Action item: Without changing a word, return the listing below, minus its images.

Collected data:
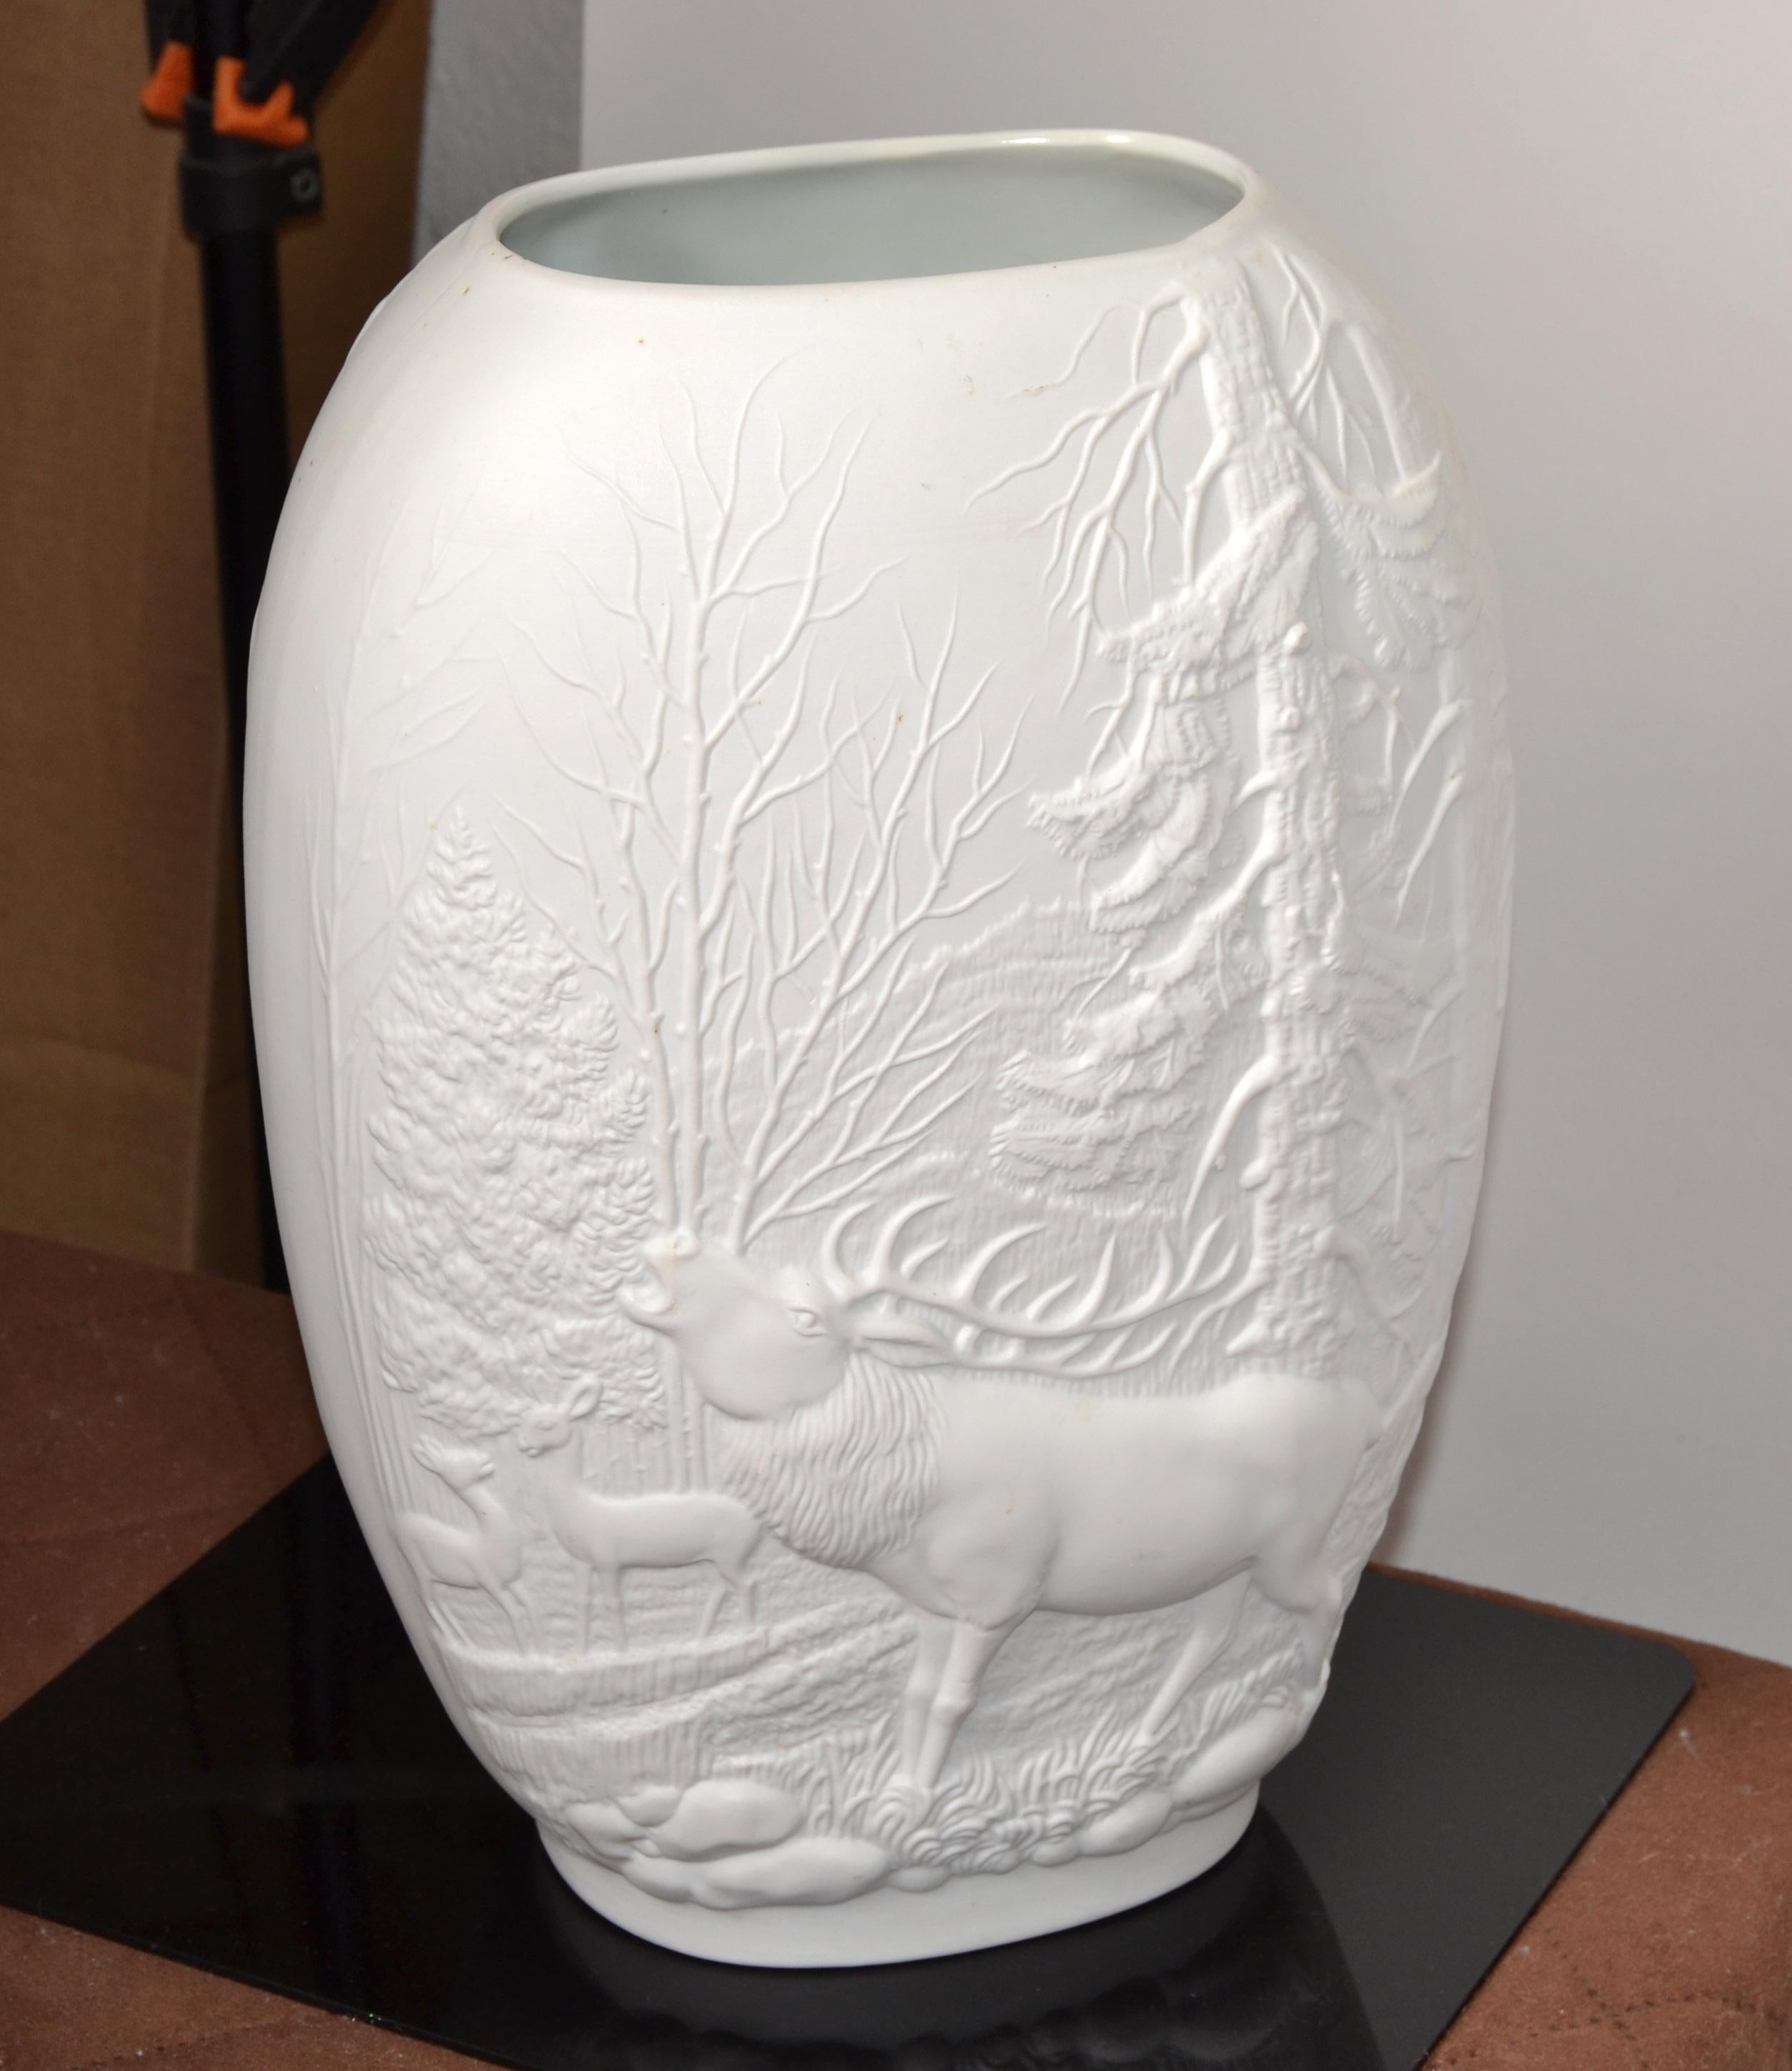 Mid-Century Modern Rosenthal Bavaria weiß Biskuit handgefertigt deutschen Royal Porcelain Op Art Relief Decor Blumenvase.
Weiße Vase aus Biskuitporzellan mit rustikalem Waldmotiv aus Hirschen und Kiefern, die diese ovale Vase zieren.
In schönem

Task solution:
 Mid-Century Modern Rosenthal Bavaria weiß Biskuit handgefertigt deutschen Royal Porcelain Op Art Relief Decor Blumenvase.
Weiße Vase aus Biskuitporzellan mit rustikalem Waldmotiv aus Hirschen und Kiefern, die diese ovale Vase zieren.
In schönem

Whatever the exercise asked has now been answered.